In this section, we use scikit-learn’s LogisticRegression class to fit the logistic regression model to the training data.

# Look at the model parameters
w = np.concatenate((clf.intercept_, clf.coef_.ravel()))[:, np.newaxis]
w

We obtain the model parameters, including the intercept and coefficients, which determine the decision boundary.

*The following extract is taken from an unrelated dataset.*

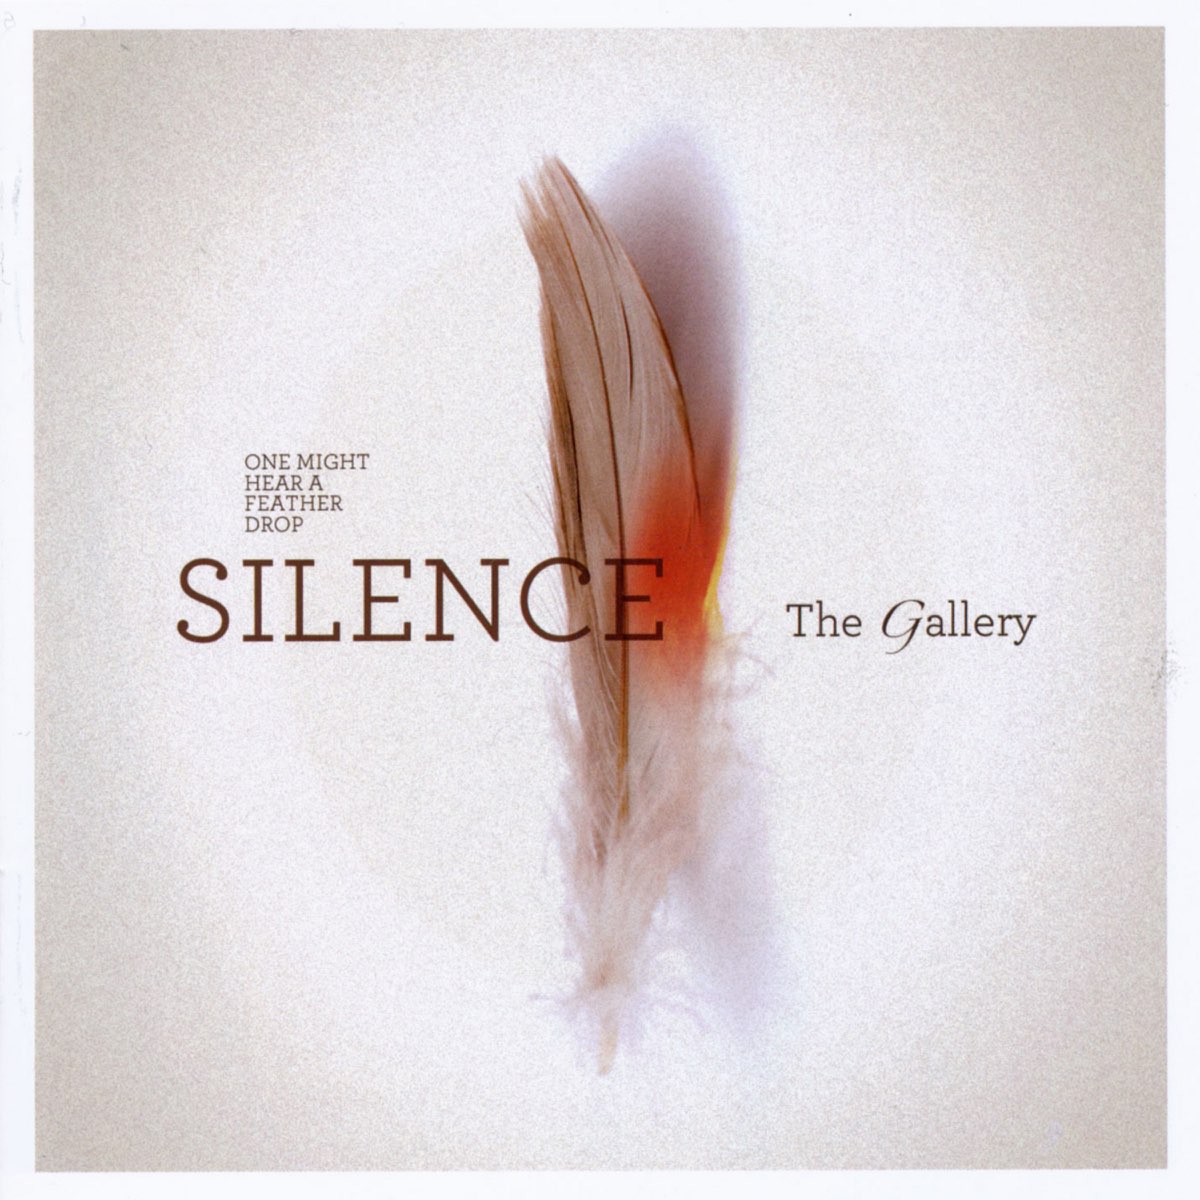 Молчание песня слушать. Silence композиция. Silence песня. Gallery песня. Songs of Silence.

# Prepare test data for predictions
X_test.insert(0, 'ones', 1)
odds = np.exp(X_test.values @ w)
X_test = X_test.drop(['ones'], axis=1)
preds = odds / (1 + odds)
print(odds)
print(preds)

In this snippet, we prepare the test data for predictions by inserting a column of ones as the intercept. Then, we calculate the odds and convert them

Conclusion

Given a set of predictor variables \(X_1, X_2, \ldots, X_n\) and their corresponding coefficients \(b_0, b_1, b_2, \ldots, b_n\), the logistic regression model predicts the probability \(p\) of the event occurring as:

\[p = \frac{1}{1 + e^{-(b_0 + b_1 \cdot X_1 + b_2 \cdot X_2 + \ldots + b_n \cdot X_n)}} = \frac{e^{b_0 + b_1 \cdot X_1 + b_2 \cdot X_2 + \ldots + b_n \cdot X_n}}{1 + e^{b_0 + b_1 \cdot X_1 + b_2 \cdot X_2 + \ldots + b_n \cdot X_n}}=\frac{\text{odds}}{1+\text{odds}}\]

Probability:

\[p\]

Odds:

\[\text{odds} = \frac{p}{1 - p}\]

Logit Function and Coefficients in Logistic Regression:

\[\text{logit}(p) = \log\left(\frac{p}{1 - p}\right)\] \[\text{logit}(p) = b_0 + b_1 \cdot X_1 + b_2 \cdot X_2 + \ldots + b_n \cdot X_n\]

References

[1] Data Mining for Business Analytics: Concepts, Techniques, and Applications in Python (First Edition) Galit Shmueli, Peter C. Bruce, Peter Gedeck, and Nitin R. Patel (c) 2019 John Wiley & Sons, Inc.